A Radar Appears, And The Sea Suddenly Feels Crowded
The year 2026 opened with the kind of headline that makes small countries feel even smaller: Venezuela’s president, Nicolás Maduro, ousted and imprisoned on US soil by the Trump administration. In capitals across the region, the legal arguments come first—violations of sovereignty, the blunt force of power, the uneasy silence from the world’s usual referees. But on the islands, the story lands differently. It becomes a kitchen-table question, spoken low: if this can happen to Venezuela, what does it mean for the rest of us?
This feature draws on the original reporting, interviews and quotes published by The Guardian and journalist Nesline Malik, whose account traces how the shockwave travels through a region that lives close to the water and even closer to consequence.
One detail from that reporting feels like a symbol dropped into the surf. On 28 November, a US Marines radar system appeared in a coastal neighborhood of Tobago, a deployment the New York Times described as “a state-of-the-art mobile long-range sensor known as G/ATOR”—equipment worth tens of millions of dollars. Alongside it came US military jets and troops, arriving on an island only 7 miles from Venezuela. For residents, the distance is not an abstraction. It is a boat ride, a horizon line, a relationship built over decades of commerce, migration, family ties and fuel.
What makes the radar more than hardware is the politics wrapped around it. Kamla Persad-Bissessar, prime minister of Trinidad and Tobago, has openly aligned herself with Donald Trump in a way that separates her country from the broader instincts of the Caribbean Community (Caricom), a bloc of 15 nations that has long tried—imperfectly, but intentionally—to speak with one voice when big powers lean in.
Dr Jacqueline Laguardia Martinez, a senior lecturer at the Institute of International Relations at The University of the West Indies, told Malik that Trinidad and Tobago has “openly endorsed US actions under the pretext of combating transnational crime.” Those words matter because “combating crime” is an argument that travels well in a region battling real violence, even when the methods are murky and the collateral damage is measured in bodies.
Since September, the US has carried out at least 21 airstrikes on alleged drug smugglers across the Caribbean Sea and the Pacific Ocean, killing more than 80 people—reportedly including several Trinidadian citizens.

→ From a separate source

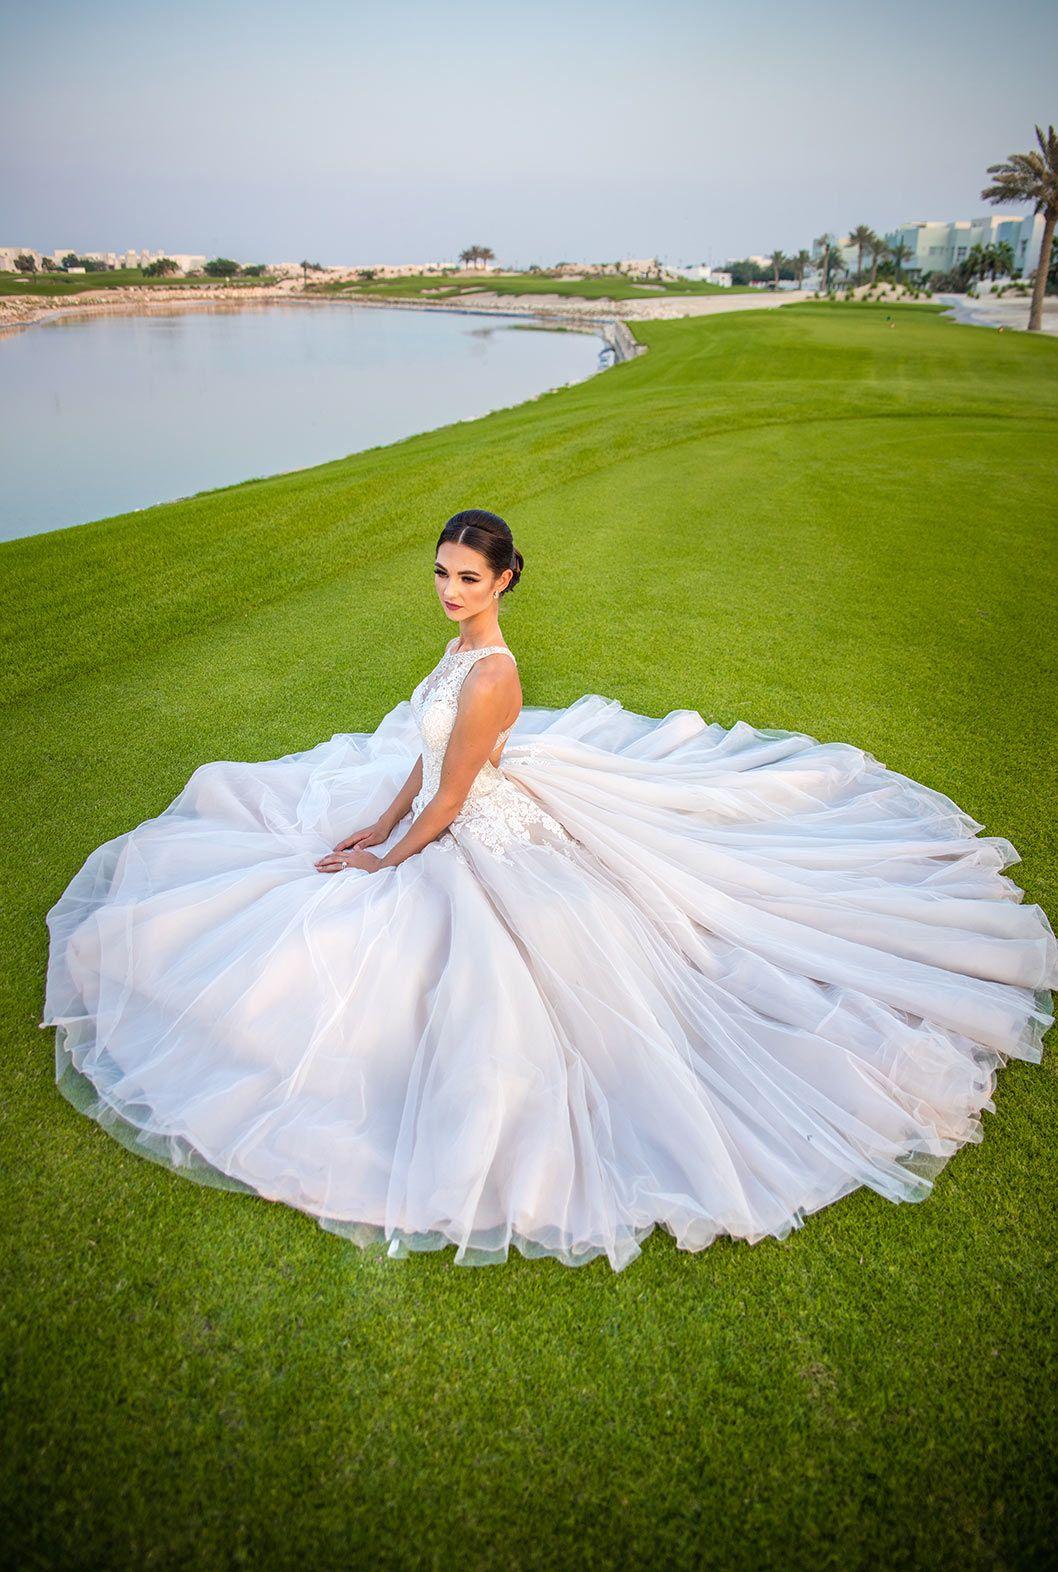 Wedding Nina Mommsen Photographer Bahrain Manama Professional Bride Dress Bride Photographer Wedding Gallery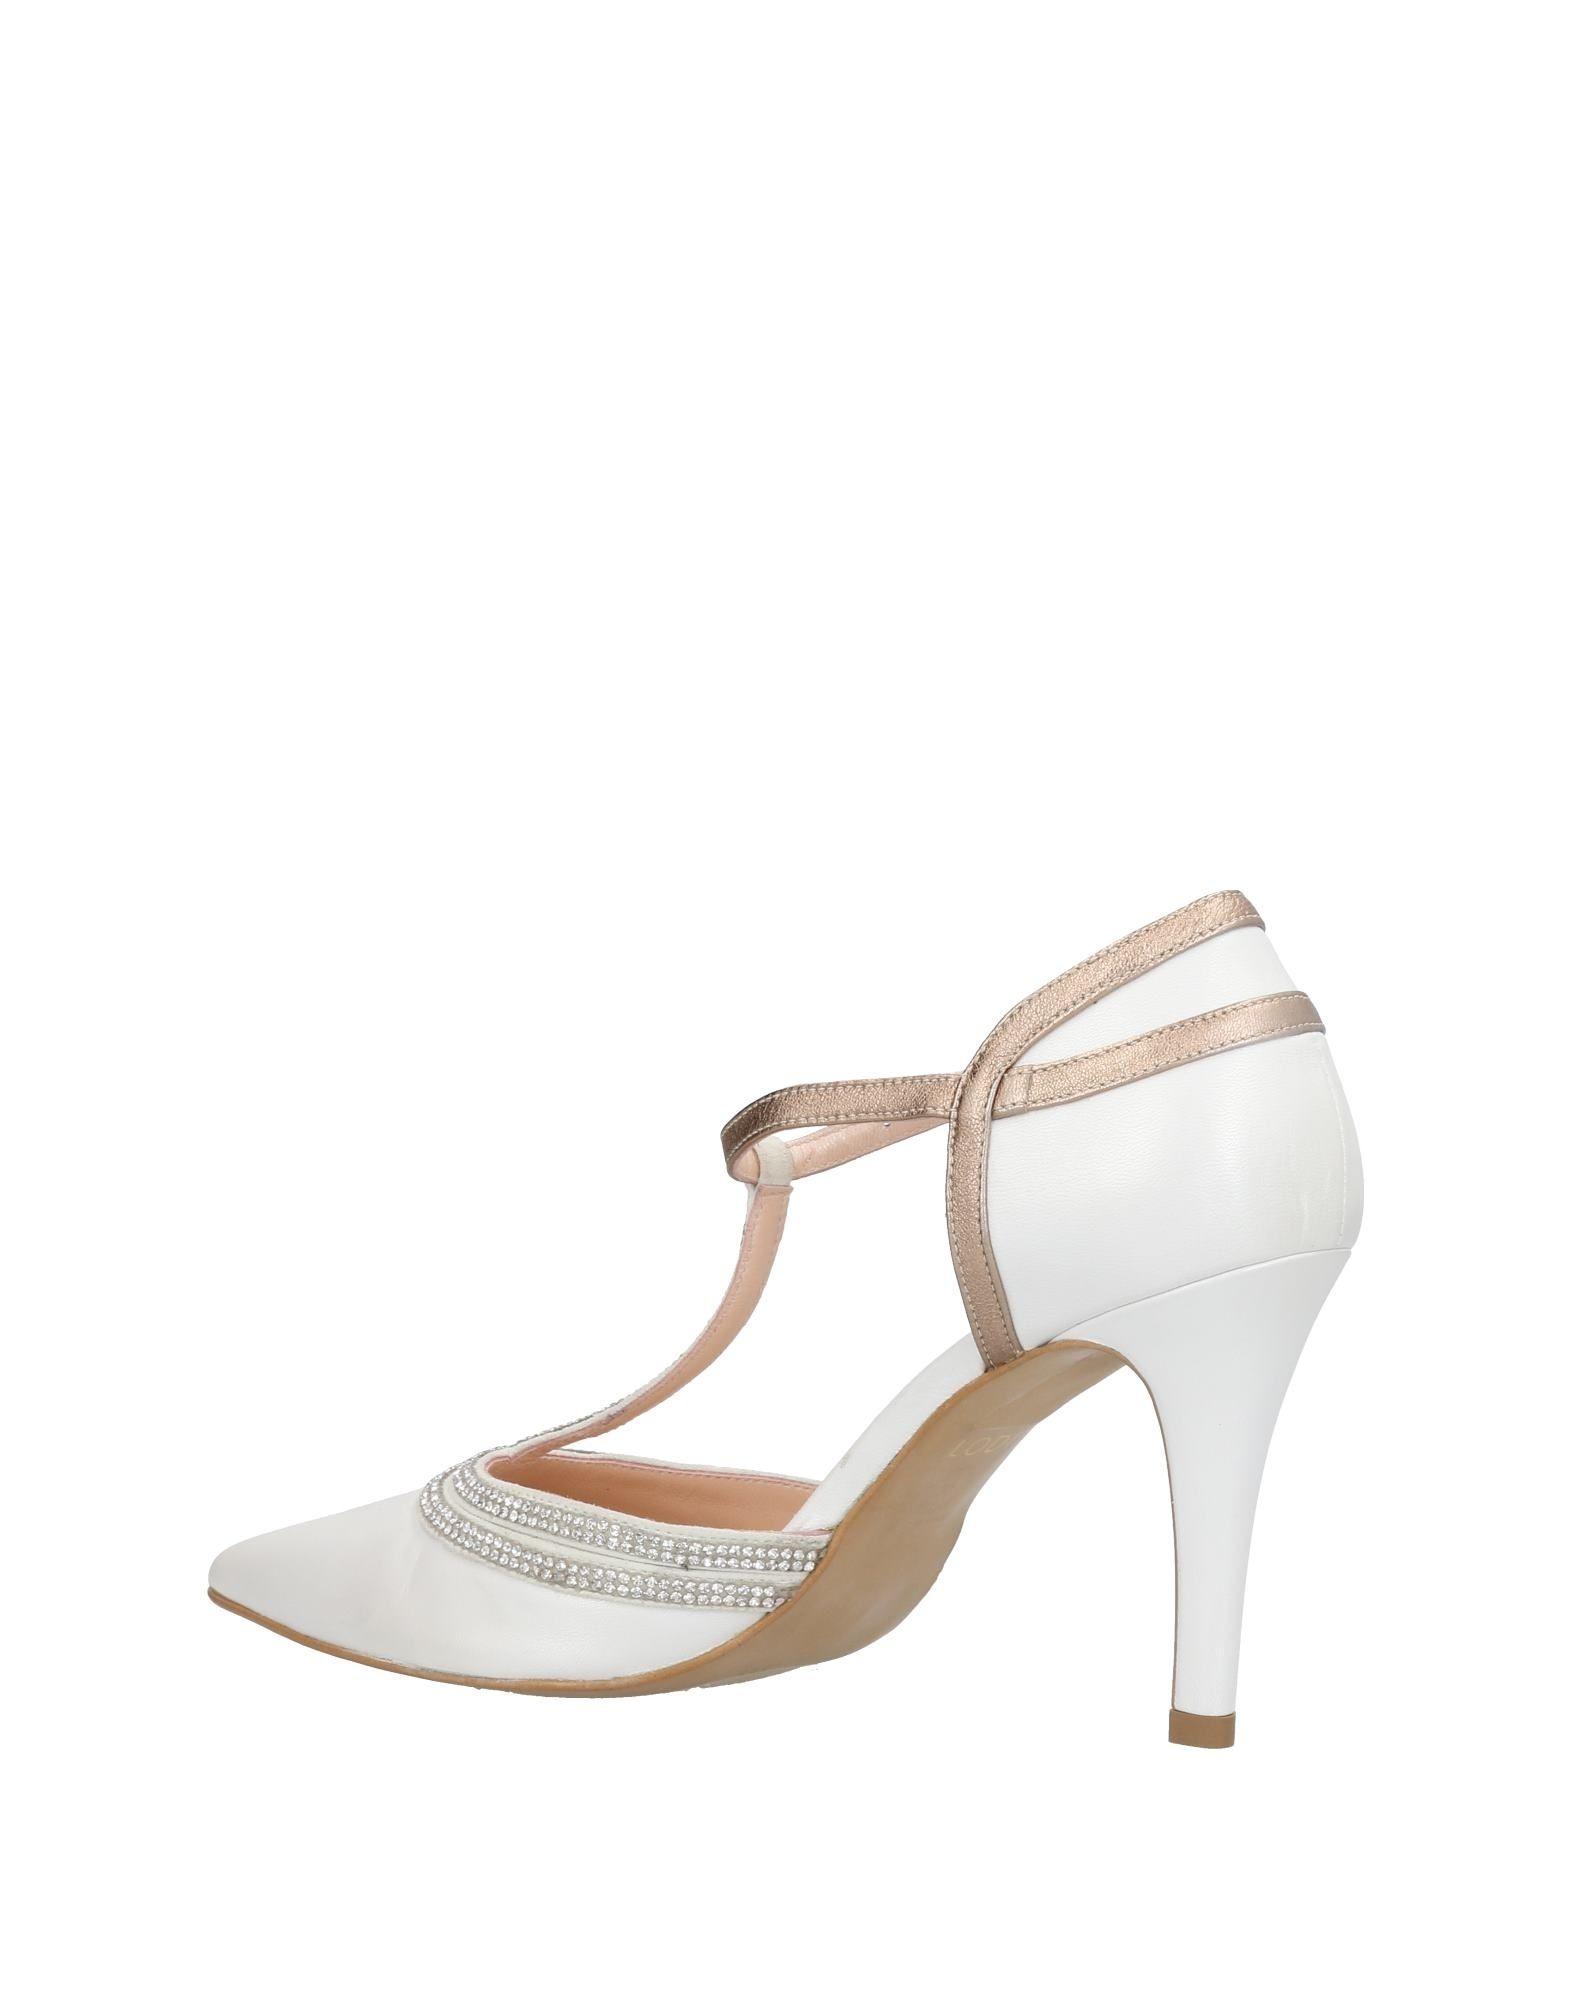 Lodi Pumps Damen  beliebte 11457821SV Gute Qualität beliebte  Schuhe c673bb

For families who already live with the grief of gang wars and an overwhelmed security apparatus, these numbers do not read like policy. They read like warning.
At home, Persad-Bissessar has framed her posture in moral terms, saying she has “no sympathy for traffickers.” Her country—population about 1.5 million—has been struggling with rising homicides and gang violence, recording 624 homicides in the previous year. In that context, it is easy for a government to present deeper military cooperation as a hard but necessary bargain.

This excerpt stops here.